A protein has the amino acid sequence

DSRLSKTMYSIEAPAKLDWEQNMAL
How many peptide fragments would result from cleaving the sequence with either cyanogen bromide or trypsin? number of peptide fragments resulting from cleaving with cyanogen bromide? number of peptide fragments resulting from cleaving with trypsin?

Which of these reagents gives the smallest single fragment (in number of amino acid residues)?
(A) trypsin
(B) cyanotrypsin
(C) cyanogen bromide

Answer 1

Cyanogen bromide cleaves the amino acid sequence at methionine, resulting in two fragments, while trypsin cleaves at lysine and arginine, resulting in five fragments. Cyanogen bromide produces the smallest single fragment among the two reagents.

Step-by-step explanation:

Understanding Peptide Cleavage by Cyanogen Bromide and Trypsin

Cleaving the given amino acid sequence (DSRLSKTMYSIEAPAKLDWEQNMAL) with cyanogen bromide results in peptide fragments only where the amino acid methionine (M) is present since cyanogen bromide specifically cleaves at the carboxyl side of methionine residues. There is one methionine residue in this sequence, resulting in two fragments upon cleavage.

When cleaving the sequence with trypsin, trypsin specifically cleaves at the carboxyl side of the amino acids lysine (K) and arginine (R). The sequence has three lysine residues and one arginine residue, which would generate five fragments upon cleavage.

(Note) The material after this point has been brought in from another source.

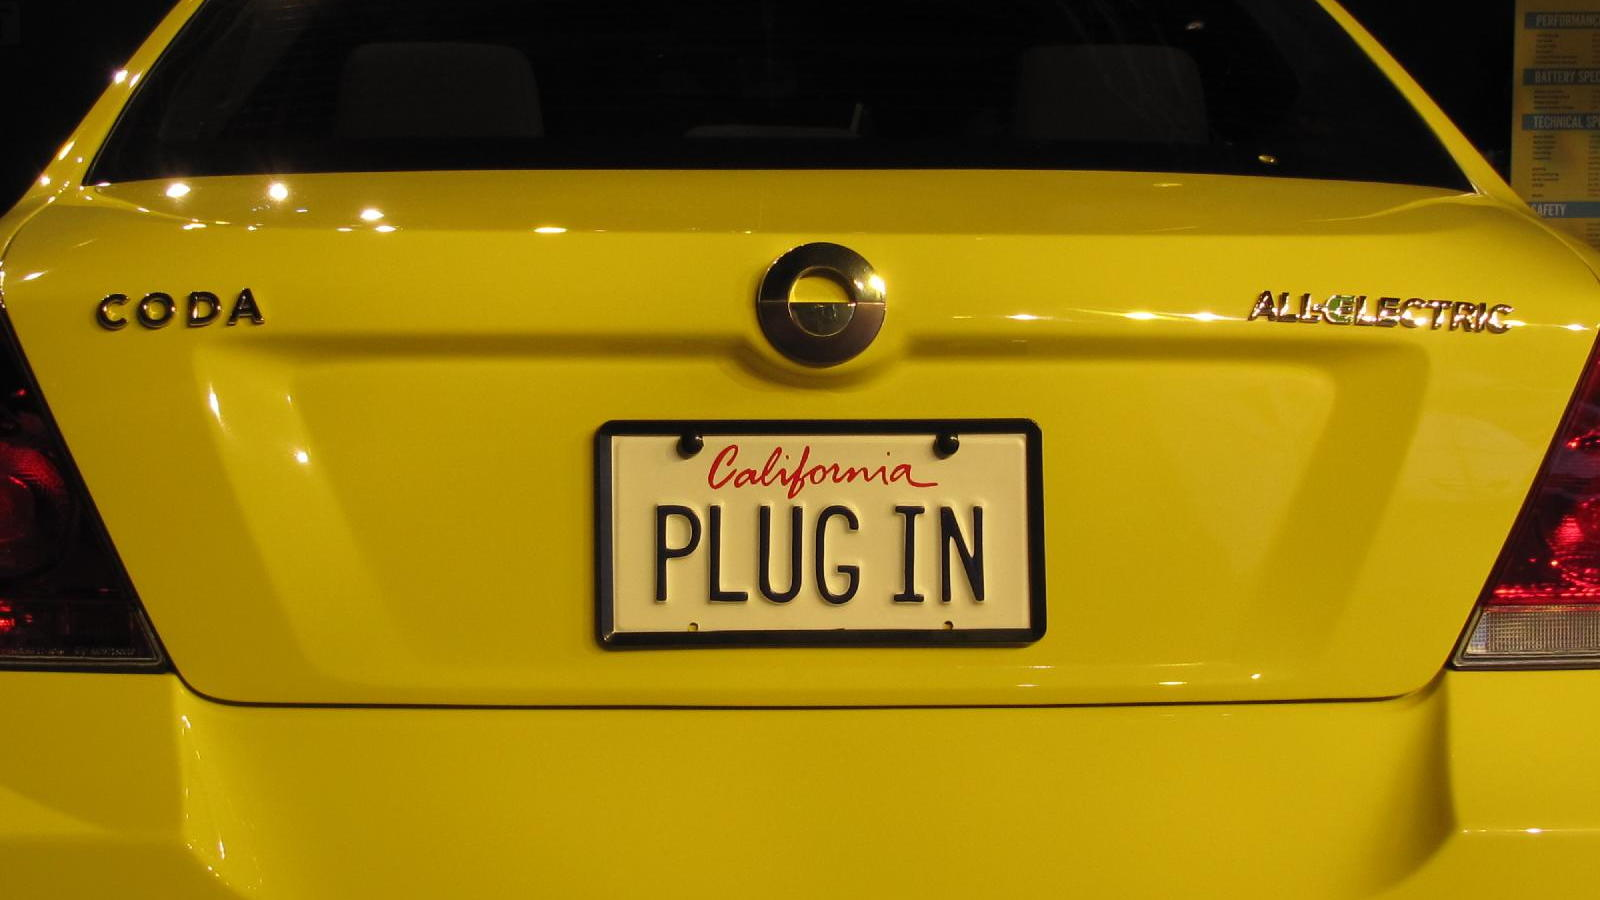 2011 Coda Sedan electric car, 'Plug In' license plate, 2010 Los Angeles Auto Show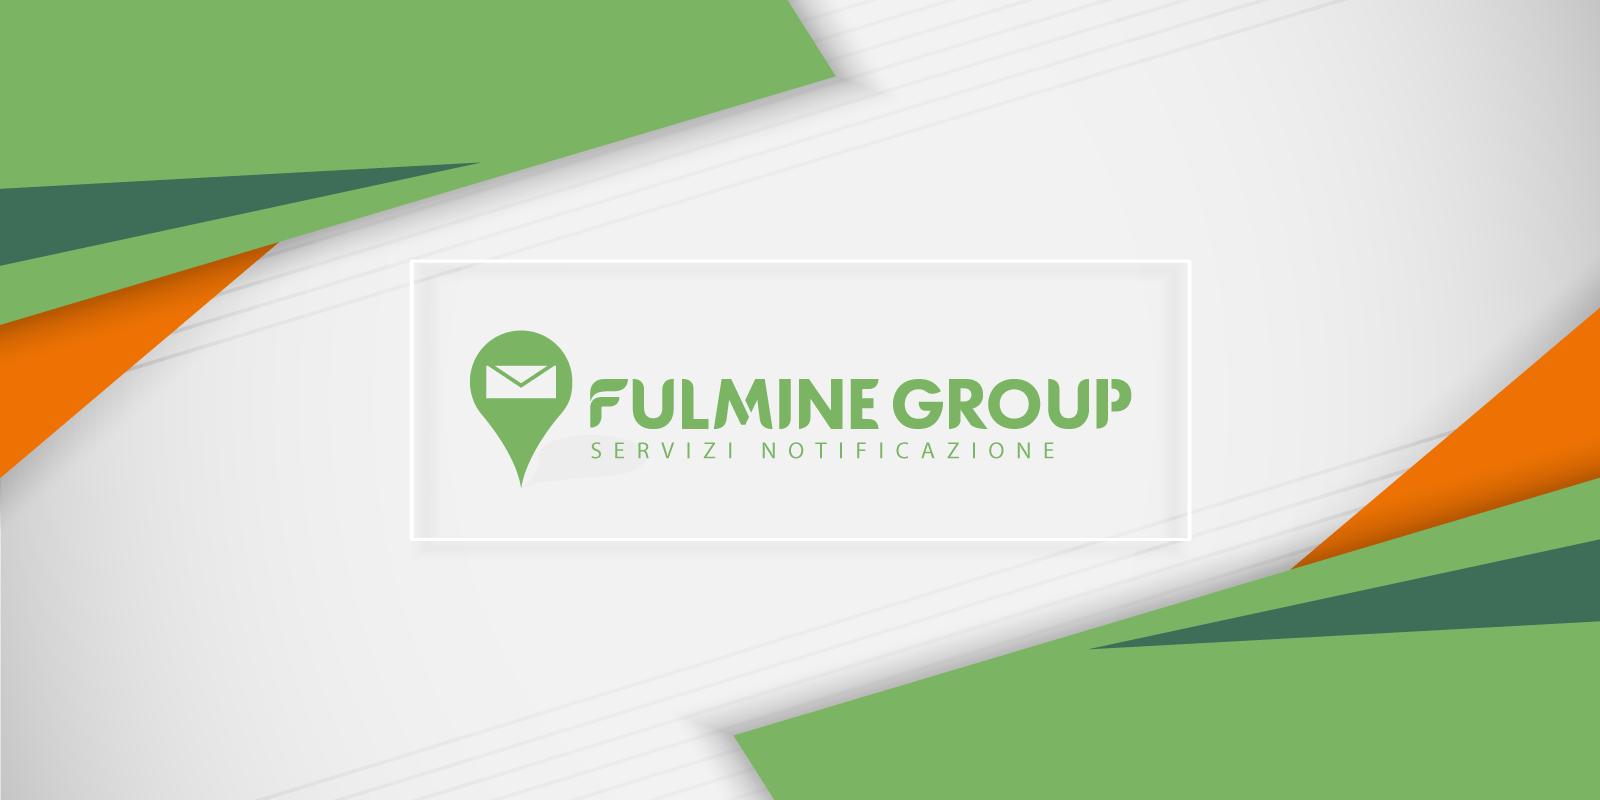 Servizi Notificazione, Fulmine Group

In terms of which reagent gives the smallest single fragment in terms of the number of amino acid residues, that would be cyanogen bromide (C) because the cleavage will only occur once, at the single methionine residue, resulting in one of the two fragments being smaller than any fragment produced by trypsin.

Answer 2

Number of peptide fragments resulting from cleaving with cyanogen bromide? A: Three peptide fragments

Number of peptide fragments resulting from cleaving with trypsin? A: Four peptide fragments

Which of these reagents gives the smallest single fragment (in number of amino acid residues)? A: CnBr, a dipeptide fragment consisting of AL (Alanine-Leucine)

Step-by-step explanation:

Cyanogen bromide cleaves the methionine C-terminus, then we have a first fragment of 8 amino acids: DSRLSKTM, a second fragment of 15 aas YSIEAPAKLDWEQNM, and a last fragment of only 2 aas is produced, AL

Trypsin cuts the C-terminus of Arginine and Lysine, then we'll have a first fragment of 3 aas DSR, a second fragment consisting of also 3 aas LSK, a third fragment of 10 aas TMYSIEAPAK, and a last fragment of 9 aas LDWEQNMAL. All produced in three cut sites.